Program Books/MALOU AIRAUDO
A close up image of artist Malou Airaudo, an older woman wearing black eyeliner.

MALOU AIRAUDO

Choreographer and Dancer – common ground[s]

Born in Marseille in 1948, Malou Airaudo began dancing at the age of eight, at the Opéra de Marseille. At 17, she joined the Ballet Russe de Monte-Carlo, where she became a soloist working with Léonide Massine, before joining Françoise Adret and her Ballet-Théâtre-Contemporain in 1968.

In the early 1970s, she moved to New York to work with Paul Sanasardo and Manuel Alum, the latter choreographing the solo Woman of a Mystic Body for Airaudo. It is there that she met Pina Bausch for the first time.

In 1973, she was invited by Bausch to join her in Wuppertal, Germany, where Arno Wüstenhöfer, the director of the city’s theaters, had just appointed Bausch head of the Wuppertal Ballet (soon renamed the Tanztheater Wuppertal). Airaudo became one of the key figures of the ensemble, creating major roles in productions such as Iphigenie auf Tauris, Orpheus und Eurydike, and Café Müller, and dancing The Rite of Spring as well as in many other pieces.

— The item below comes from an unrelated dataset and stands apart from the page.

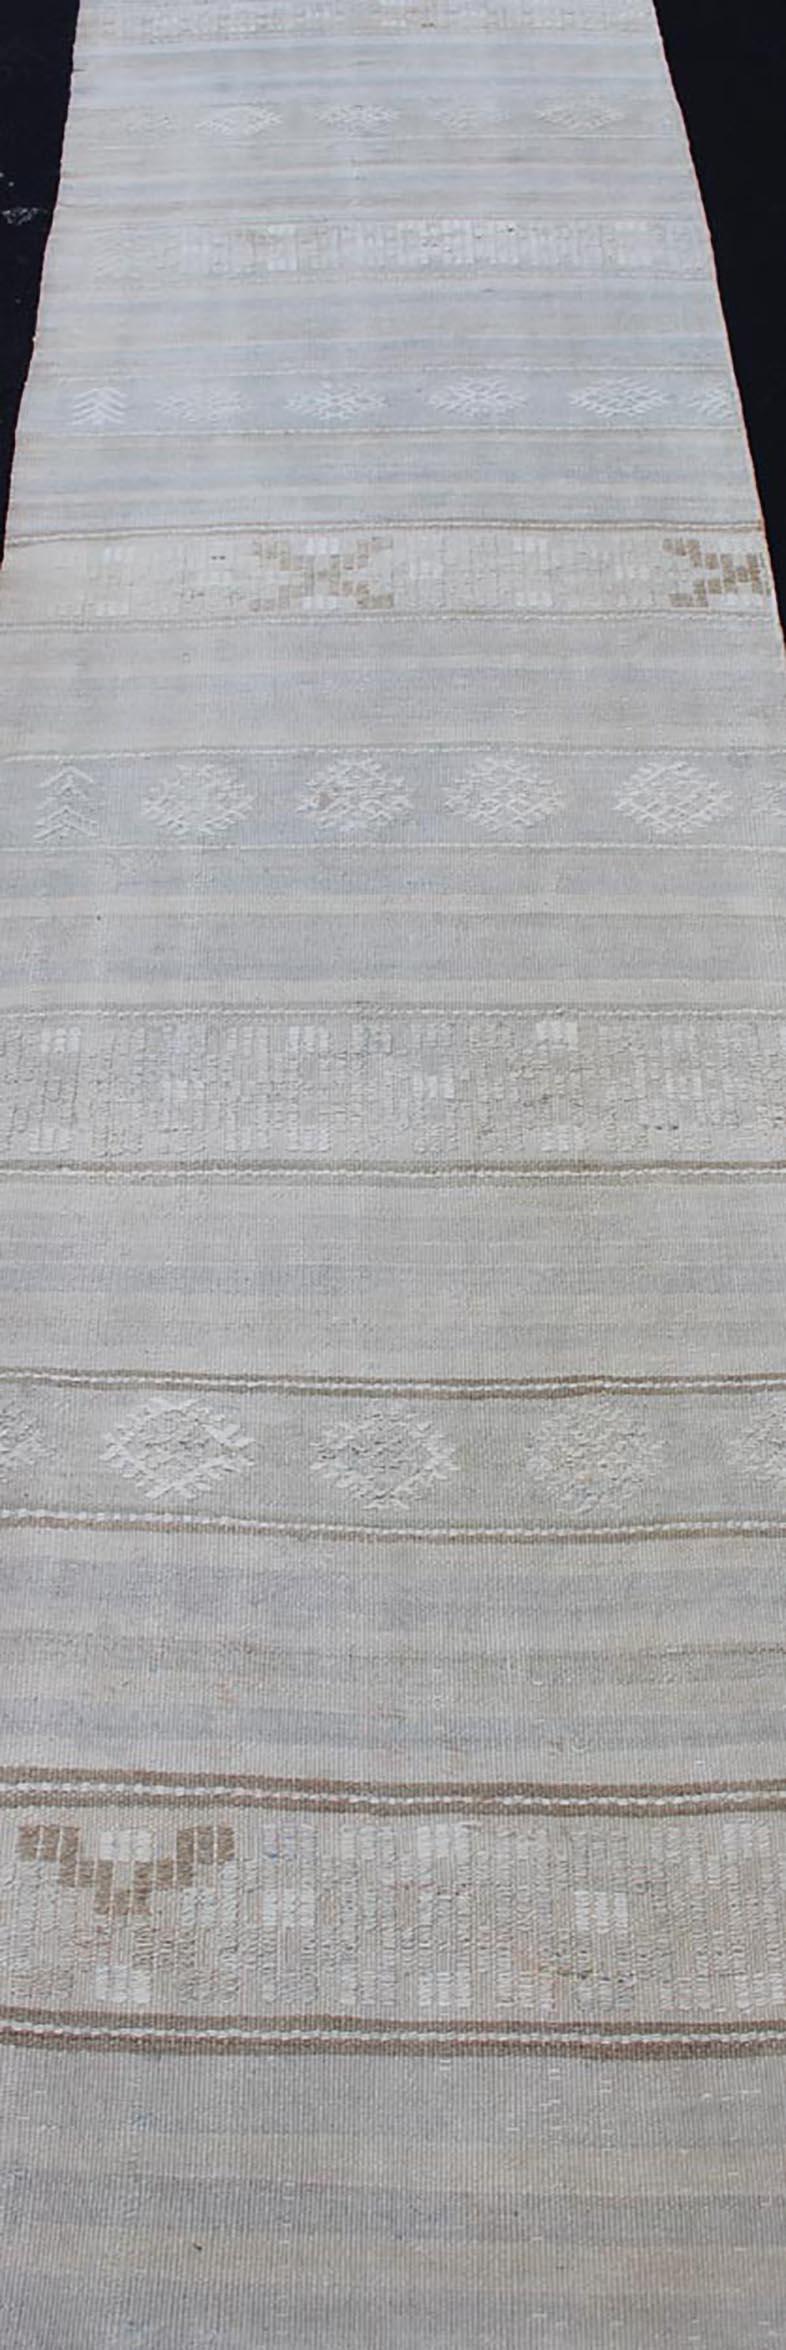 20th Century Vintage Turkish Kilim Runner with Stripes in Light Grey and Muted Tones For Sale

She was also a founding member of the Paris dance company La Main, along with Jacques Patarozzi, Dominique Mercy, Hele­na Pikon, and Dana Sapiro, and worked with choreographer Carolyn Carlson at the Teatrodanza La Fenice in Venice.

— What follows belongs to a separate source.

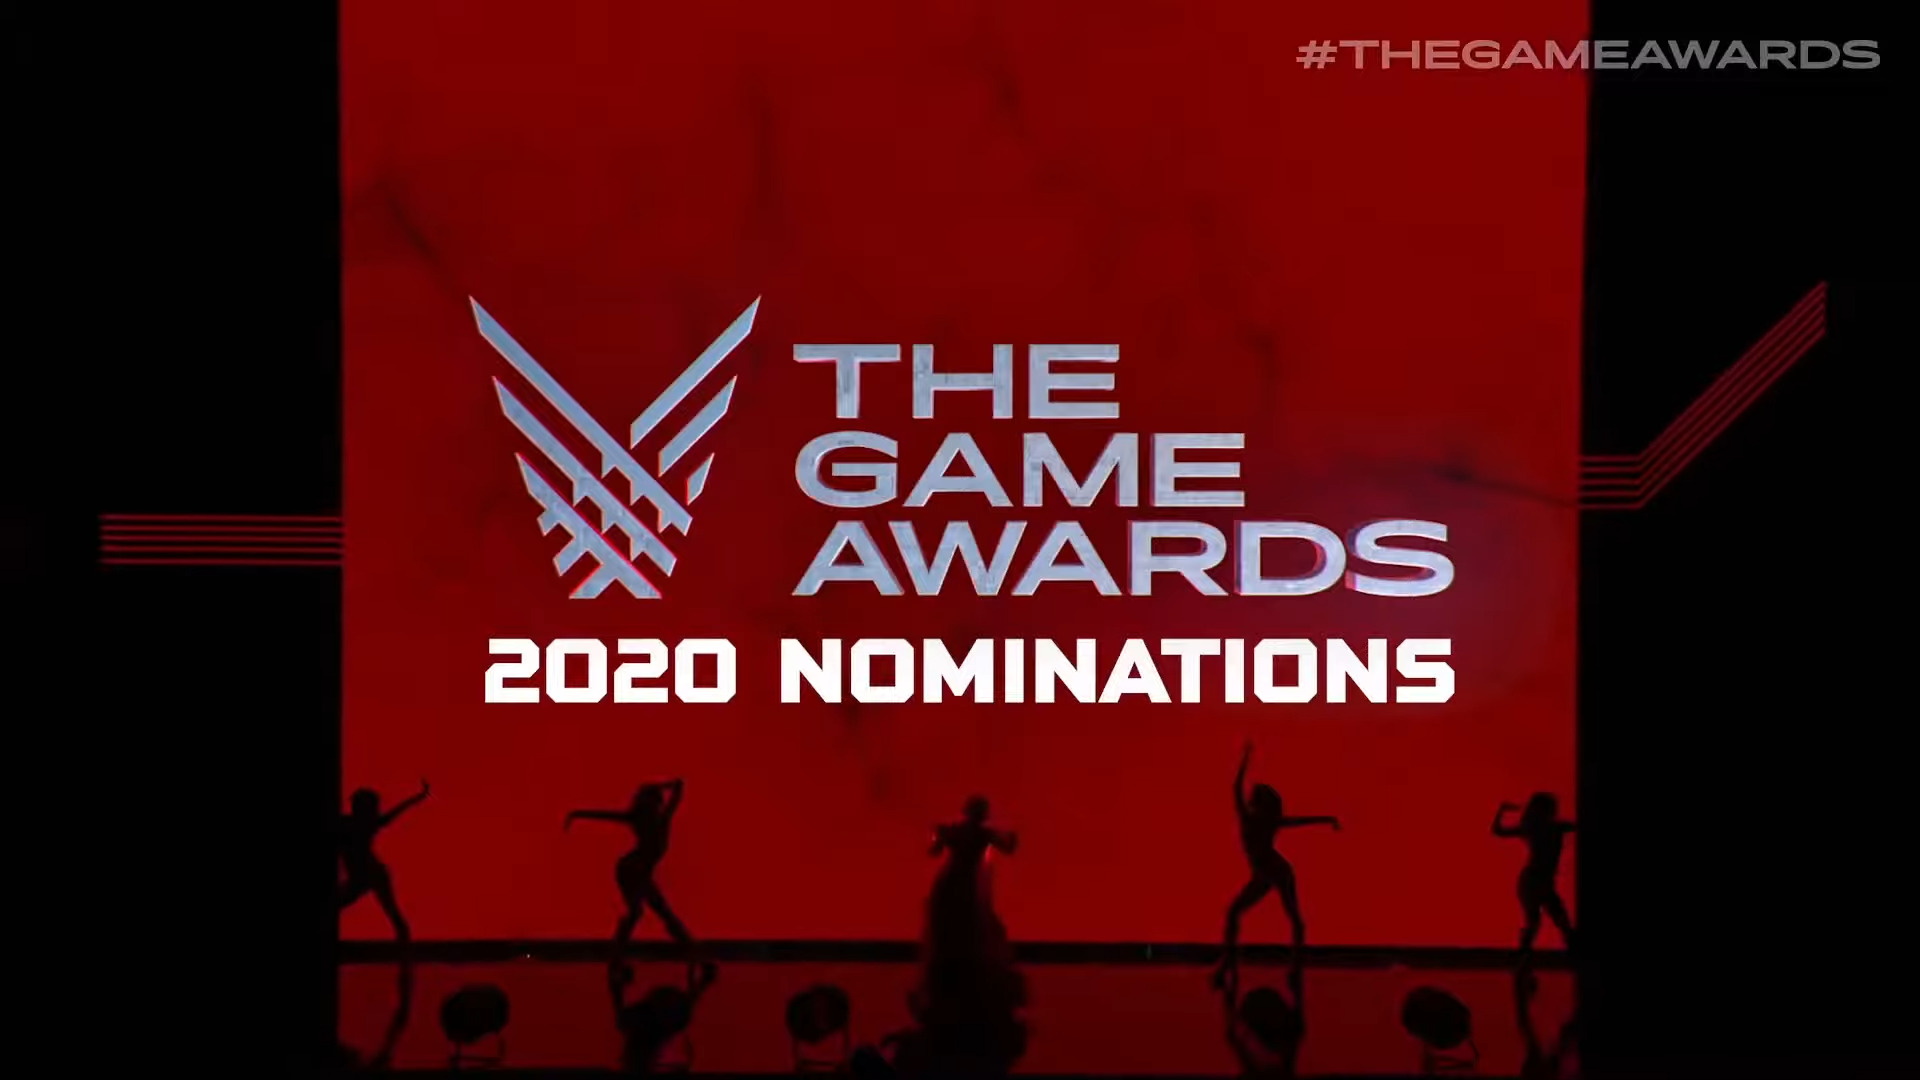 New Trailer For The Game Awards Seeks To Build Hype For The Annual Event With Linkin Park Music

From 1984 until 2018, she taught dance at the Folkwang University of the Arts in Essen-Werden, and in 2012, she became the director of the university’s Institute of Contemporary Dance.

Her choreographic accomplishments include Le Jardin des Souvenirs, Jane, Je Voudrais Tant, Schwarze Katze, and If You Knew, created from the mid-1990s onward for companies such as the Folkwang Tanz Studio, Ballet de Nancy, Ballet de Geneva, Ballet du Nord, and the Venice Biennale. During the last decade, she has also worked with Pottporus Renegade Theatre, creating work with break-dancers like Irgendwo and Verlorene Drachen.

Airaudo has also appeared in the films Talk To Me (2002, directed by Pedro Almodóvar) and Pina (2011, directed by Wim Wenders).

In 2023, she received the German Dance Award together with three other former dancers of Pina Bausch.